A new protein-ligand binding sites prediction method based on the integration of protein sequence conservation information



Prediction of protein-ligand binding sites is an important issue for protein function annotation and structure-based drug design. Nowadays, although many computational methods for ligand-binding prediction have been developed, there is still a demanding to improve the prediction accuracy and efficiency. In addition, most of these methods are purely geometry-based, if the prediction methods improvement could be succeeded by integrating physicochemical or sequence properties of protein-ligand binding, it may also be more helpful to address the biological question in such studies.


In our study, in order to investigate the contribution of sequence conservation in binding sites prediction and to make up the insufficiencies in purely geometry based methods, a simple yet efficient protein-binding sites prediction algorithm is presented, based on the geometry-based cavity identification integrated with sequence conservation information. Our method was compared with the other three classical tools: PocketPicker, SURFNET, and PASS, and evaluated on an existing comprehensive dataset of 210 non-redundant protein-ligand complexes. The results demonstrate that our approach correctly predicted the binding sites in 59% and 75% of cases among the TOP1 candidates and TOP3 candidates in the ranking list, respectively, which performs better than those of SURFNET and PASS, and achieves generally a slight better performance with PocketPicker.
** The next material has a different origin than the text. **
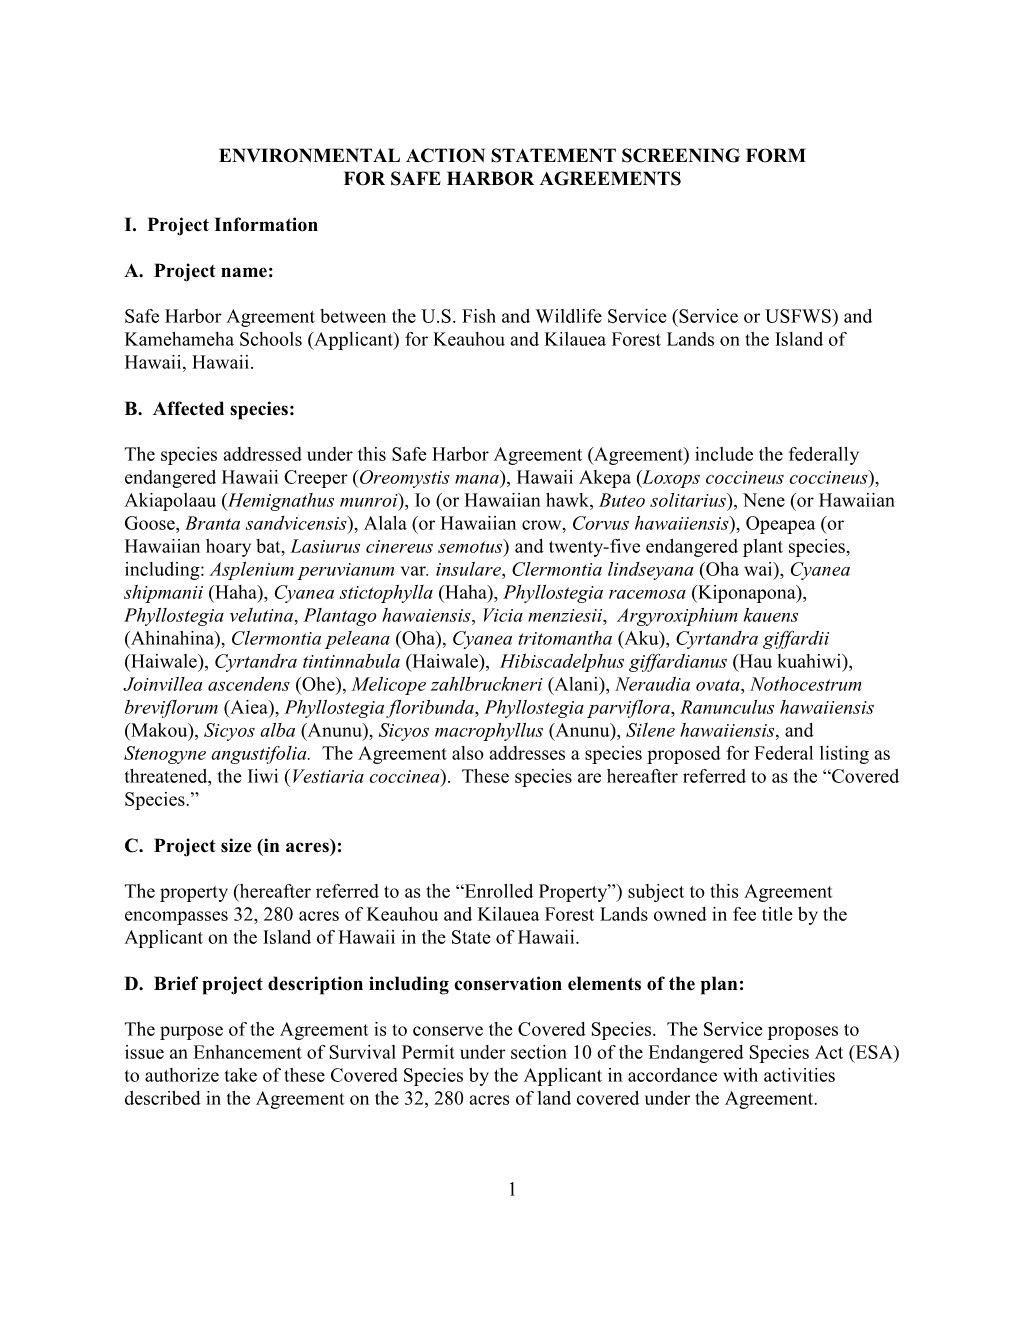 Environmental Action Statement Screening Form for Safe Harbor Agreements

Our work has successfully indicated the importance of the sequence conservation information in binding sites prediction as well as provided a more accurate way for binding sites identification.


Proteins are the material basis of all life, the key components of body cells, and play important roles in the process of life activity. Since in most cellular processes, proteins interact with other molecules to perform their biological functions, the successful identification of ligand-binding sites on protein surfaces becomes vital and necessary to explore the proteins comprehensively [1]. In addition, as a result of various structural genomics projects performed, structural information of proteins with little or no functional annotations has been explosively increasing. Such increasingly accumulated data have become to attract much more interests in exploring the relationship between protein structure and function as well as elucidating the functions from their structures rather than merely from sequences.

In recent decades, many computational methods have been developed for candidate binding sites identification. Briefly, these algorithms can be divided into three categories, i.e.(1) purely geometry based methods, which follow the assumption that the protein-ligand binding sites are generally located at crevices on the protein surface or cavities in the protein. When the shapes of protein surface were calculated, it can be easily to predict the candidate protein-ligand binding sites without any ligands information. Methods following in this category include POCKET [2], LIGSITE [3], PASS [4], SURFNET [5] and, PocketPicker [6] etc. It is worth noting that this kind of methods focuses only on the shapes of protein surface without considering the physicochemical properties of amino acids. What’s more, a major number among these algorithms are based on the cubic grid representation, which means that their following results are often protein orientation dependent; (2) energetic based methods, which coat the protein surface with a layer of probes to calculate van der Waals interaction energies between the protein and probes. The energetically favorable probe sites are clustered according to their spatial proximity. Then the identified clusters are ranked according to the sum of the interaction energies within each cluster. As an example, Q-SiteFinder [7] is a classical tool following in this category; (3) knowledge based methods, which including various statistical methods [8], machine learning methods [9] and similarity comparison method set. Besides, a part of them predict protein-ligand binding sites by searching for clusters or patterns of conserved residues [10, 11]. These method stake the assumption that the residues located in protein-ligand binding site usually being more important and more highly conserved than those located in other parts through evolution. Although the results for certain methods with only sequence conservation information are not satisfactory [12, 13], it is still expected to be helpful in re-ranking the pockets in the process of prediction [14].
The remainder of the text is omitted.